Methods
Since it is quite difficult to verify, in which context the skin lesions
occur in terms of SARS-CoV-2 infections, we would like to summarize in
the next few sections current knowledge about the pathophysiologic
background of virus-induced and drug-induced lesions of the skin and the
vascular system.
Data for this Review were identified by searches of MEDLINE, Current
Contents, PubMed, and references from relevant articles using the search
terms “SARS-CoV-2”, “COVID-19”, “skin”, ”vascular system“, ”virus
(infection)“ and ”drug hypersensitivity reaction“. Only articles
published in English between 1995 and 2020 were included.
Possible pathogenic
mechanisms involved for skin manifestations
Viral rashes
Viral exanthema is defined as a skin rash, which is sometimes associated
with an enanthem and goes along with fever and other systemic symptoms
(51, 52 ).
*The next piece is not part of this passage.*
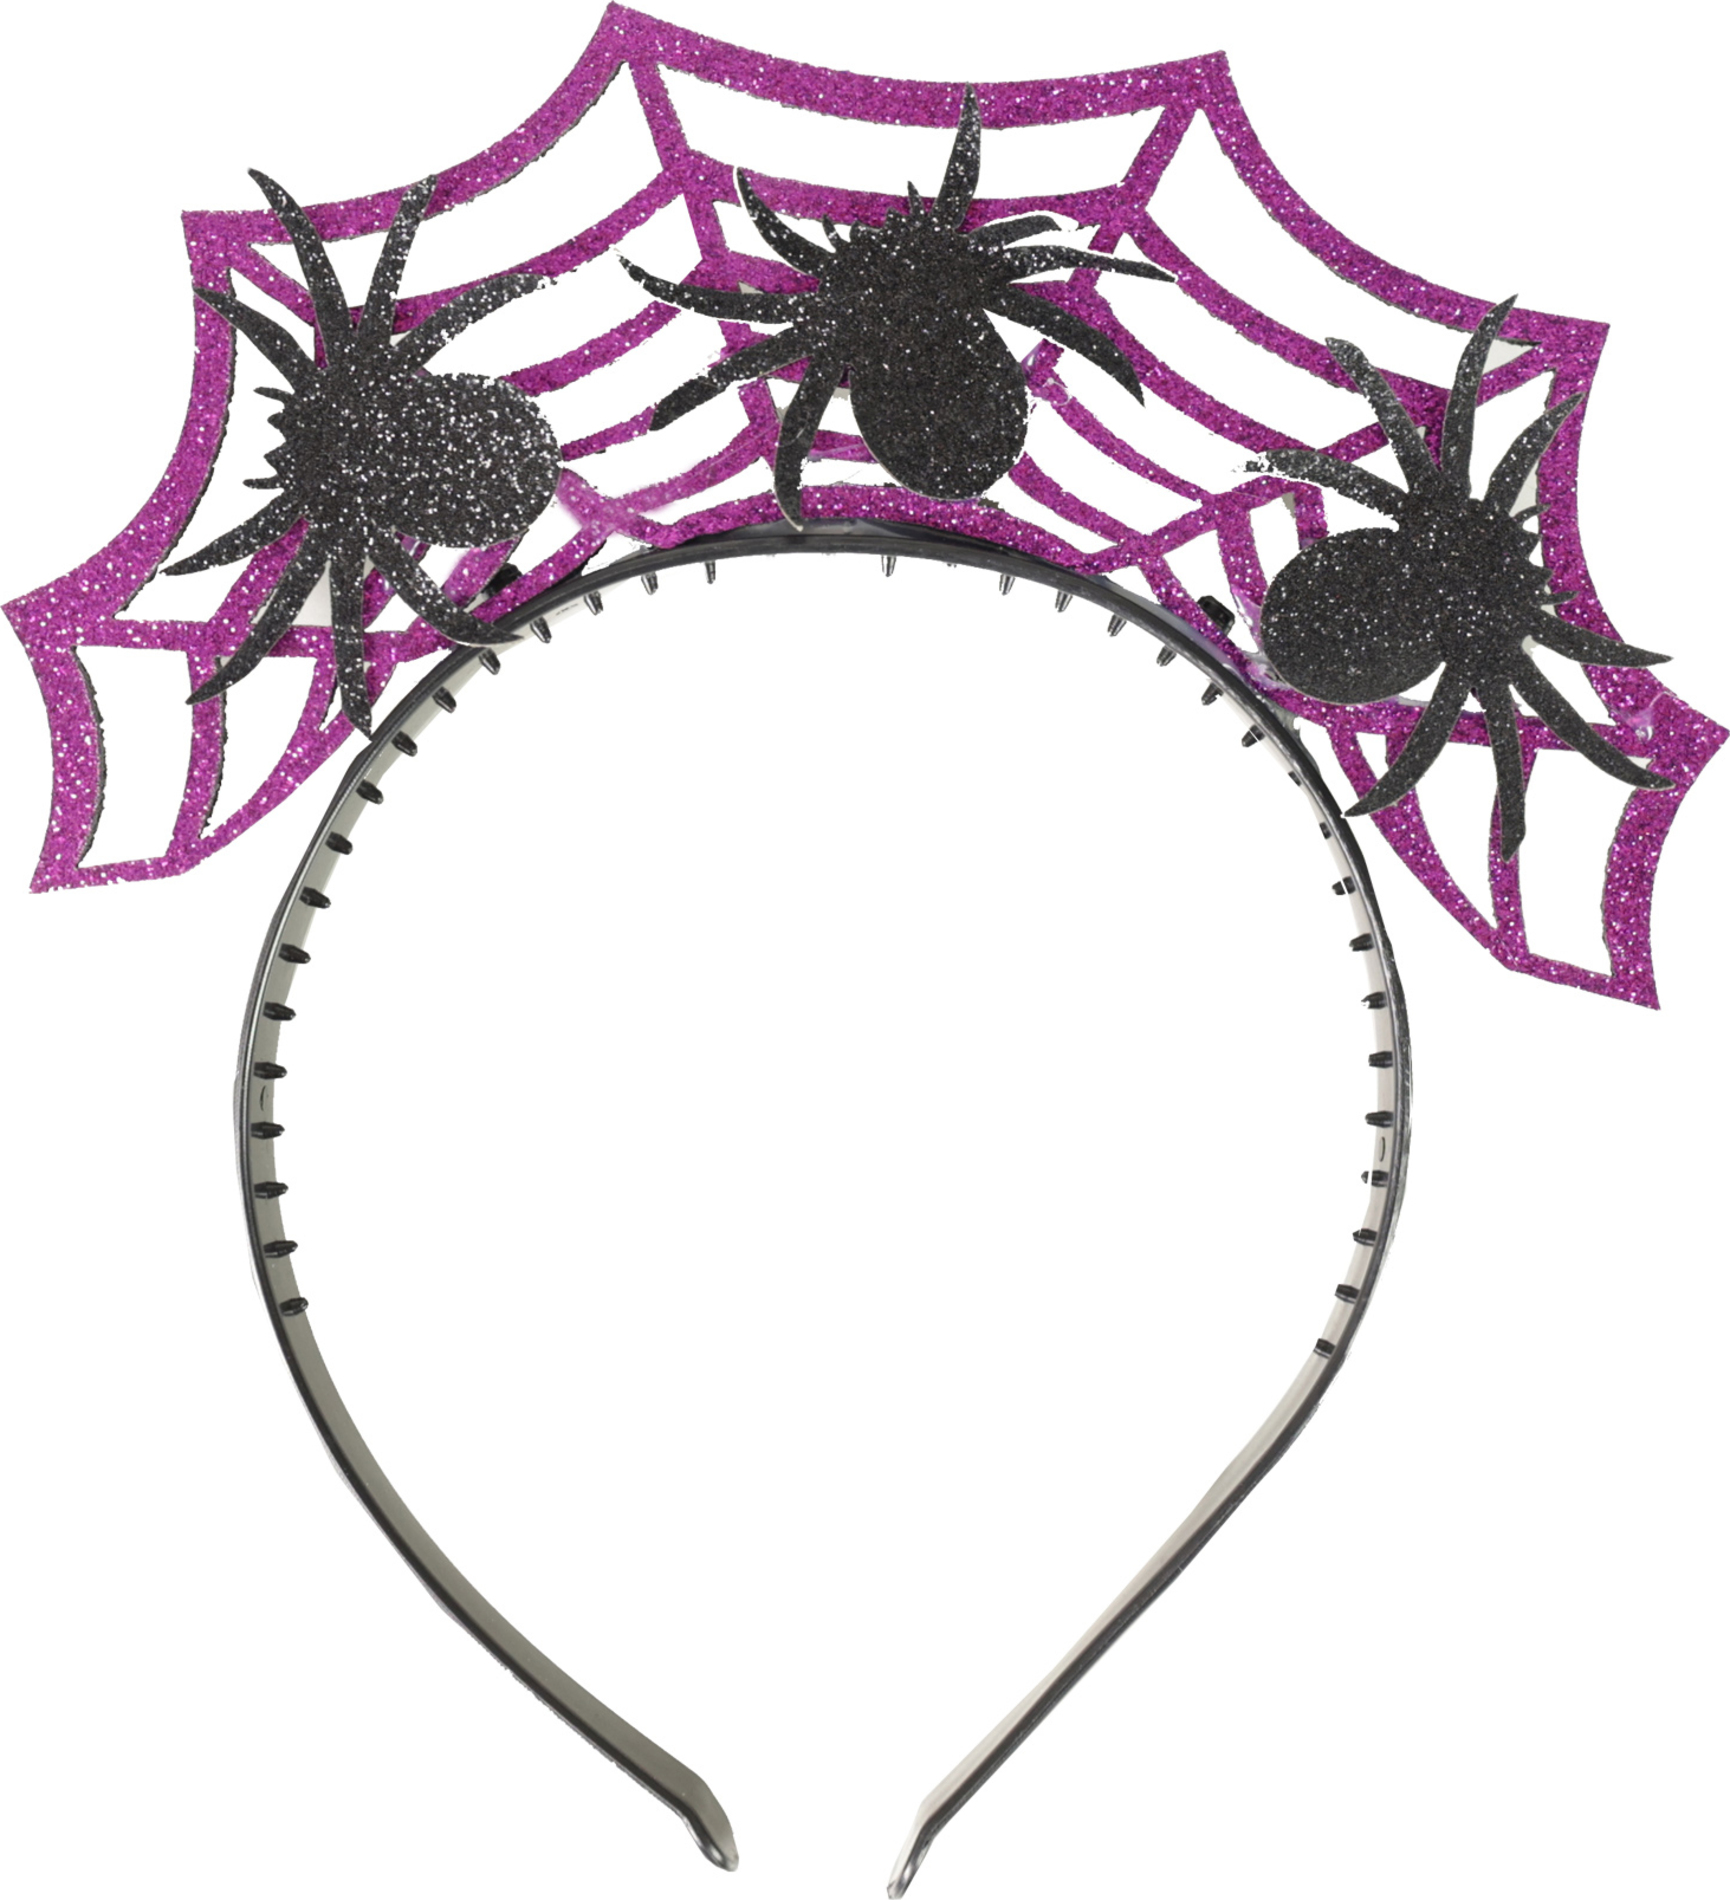 Čelenka Halloween fialová s pavouky

In this context, it is important to notice that also
the ACE2 receptor has been described to be expressed in the oral cavity
(11 ), lesions of the mucous membranes have not been reported so
far to occur very frequently together with skin lesions in SARS-CoV-2
positive cases,
In principle, skin manifestation of viral infections can derive by
- direct inoculation of the virus,
- dissemination or reactivation of the virus from another site or
- interaction of the virus with the immune system in general and related
cellular and humoral immune responses including virus-specific
lymphocytes and antibodies (51 ).
The onset of the skin lesions in relation to viremia and general
symptoms can help to understand the pathophysiologic mechanisms behind
the lesions in COVID-19 patients. In the case of skin lesions precede
general symptoms or might even be the only sign for a putative
infection, they might serve as important early indicators of the disease
or indicator for asymptomatic virus carriers. On the other hand-side,
skin symptoms, which occur quite late during infection or even after
resolution of main symptoms might indicate a lack of viral clearance and
cascades of immune responses induced by the virus .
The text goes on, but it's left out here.